Anthropic prompt caching (auto-injected)

We add `cache_control` breakpoints to your Anthropic requests automatically. ~10x cheaper input on cache hits, zero config.

Anthropic's prompt caching can cut input cost by ~10x on repeated prefixes (system prompt, tool schemas, long context). But the API ignores cache_control silently when the prefix is too small, and most BYOK users never know it exists. HiWay injects the right breakpoints on the right blocks of every Anthropic request, invisibly. You pay 0.1x on cache hits and never have to think about it.

On by default

No setup. Anthropic models (Sonnet, Opus, Haiku) automatically get cache injection. Hits show up in your usage as cache_read_input_tokens.

What gets cached

System prompt, the most stable prefix across an agent loop or multi-turn conversation.
Tool definitions, your full toolbelt is cached once, then replayed at 0.1x for every subsequent call.
Skipped on purpose: the last user turn, it changes on every call, so caching it would waste a write.
Skipped on purpose: requests where you already set cache_control yourself, we never override your intent.

When it actually fires

Anthropic enforces a minimum prefix size before caching kicks in (it varies by model, newer Haiku families need a larger prefix than Sonnet/Opus). HiWay estimates the prefix size and only injects when the threshold will be met. Below it, no breakpoint is added, there's nothing to gain.

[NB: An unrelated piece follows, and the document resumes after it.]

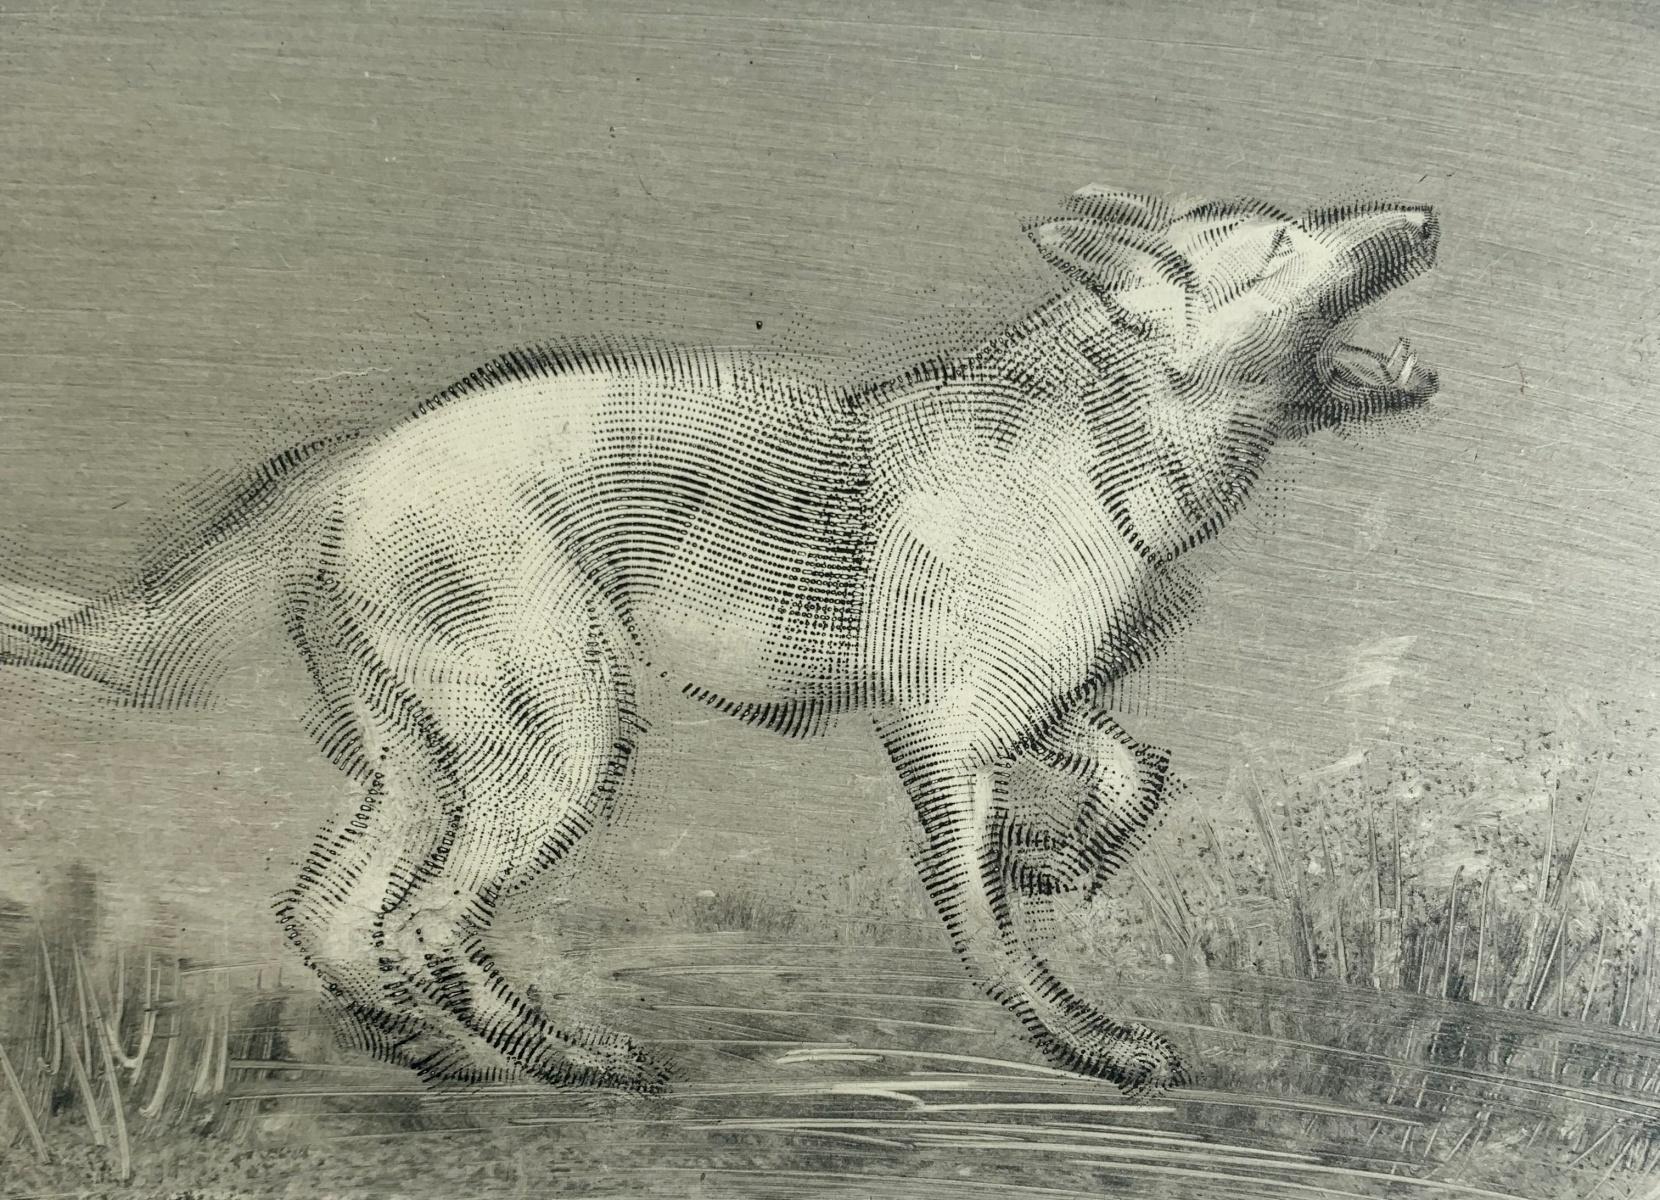 Contemporary figurative etching print by Polish arist living in Canada, Pawel Zablocki. Print depicts dog Tofcia in dynamic poses viewed from the side. Artist's unique technique of printmaking creates interesting effect of visual texture. 

PAWEL

Combines with semantic cache

Both layers run. Semantic cache is checked first, if it hits, no upstream call happens at all (100% savings on that request). On miss, the request goes to Anthropic with cache_control injected, 0.1x on the prefix. The two layers catch different things and add up.

Opting out

Cache write costs 1.25x (5-min TTL) or 2x (1h TTL) input. Break-even is one repeat call. For workloads that genuinely never repeat (one-shot scripts), the writes are wasted. Disable auto-injection per workspace in Dashboard → Settings → Prompt caching → Anthropic auto-cache, or set the env flag in your self-hosted deployment.

How to verify it's working

Look for cache_read_input_tokens and cache_creation_input_tokens in the Anthropic usage block of your response. They also show up in Dashboard → Usage under "Cache hits" and in the per-request log.